Illegalising it does at least mean that when egregious cases are found, they can be prosecuted, I guess.
However common discussion on bots is predicated on the public's false impression of what bots are and what they look like, especially on social media. Twitter has many thousands of sockpuppet bot-driven accounts. People think they can spot them because some of them are obvious; like they have profiles which blatantly give away that they're false at even a cursory examination. But that's a smokescreen for the countless bots/sockpuppets that, for all intents and purposes, you'd think were real.
I had an experience a few years ago where I got to "see behind the curtain" on this. There was a trend a while back where you could "buy followers" on Twitter; like you'd pay a service and over the next few weeks, you'd pick up followers every day. Obviously all of these were fake.
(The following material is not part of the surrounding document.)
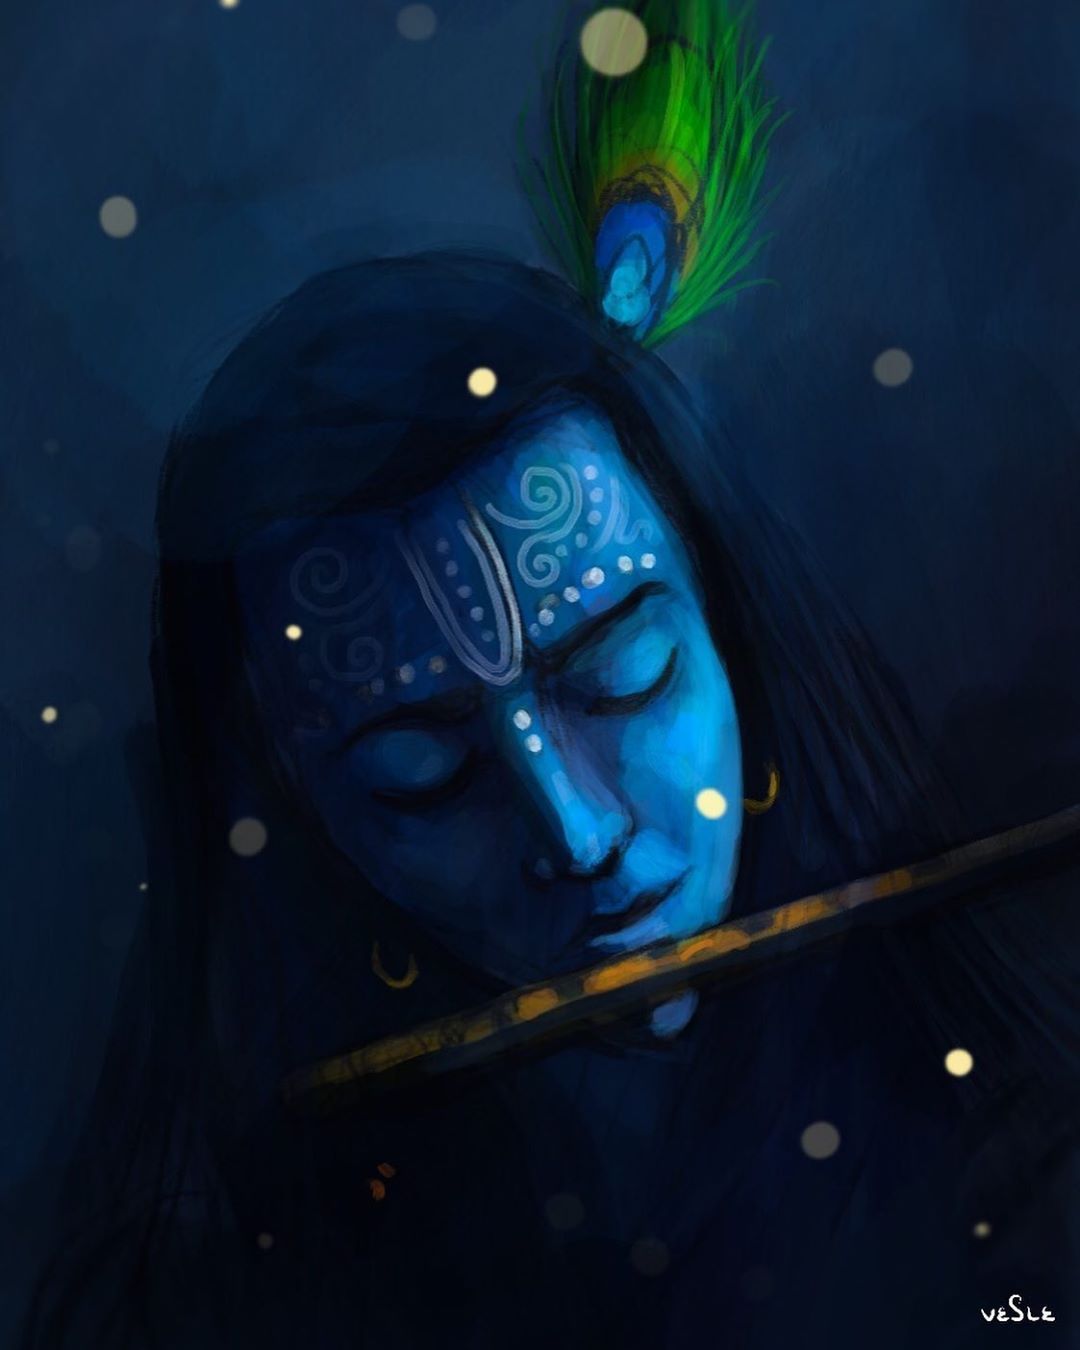 Lord Krishna Painting Wallpapers - Wallpaper Cave

I found out about it when a friend did it to me for a prank, and I noticed I started getting 50 new followers every day; by day-3 it was obvious something was up, but the point was that the accounts were totally "clean"; they all looked like genuine people, proper usernames, good pictures, interesting bios. They had hobbies, interests, political opinions. They supported sports teams, had favourite videogames, posted random stuff about their "day".
This experience totally changed my perspective when you see an argument in a divisive political hashtag on Twitter (for instance, in 2021, vax/antivax). I rarely engage anymore because I honestly wonder how many of those tweets are instigated by trollfarms in eastern Europe in the pay of political parties.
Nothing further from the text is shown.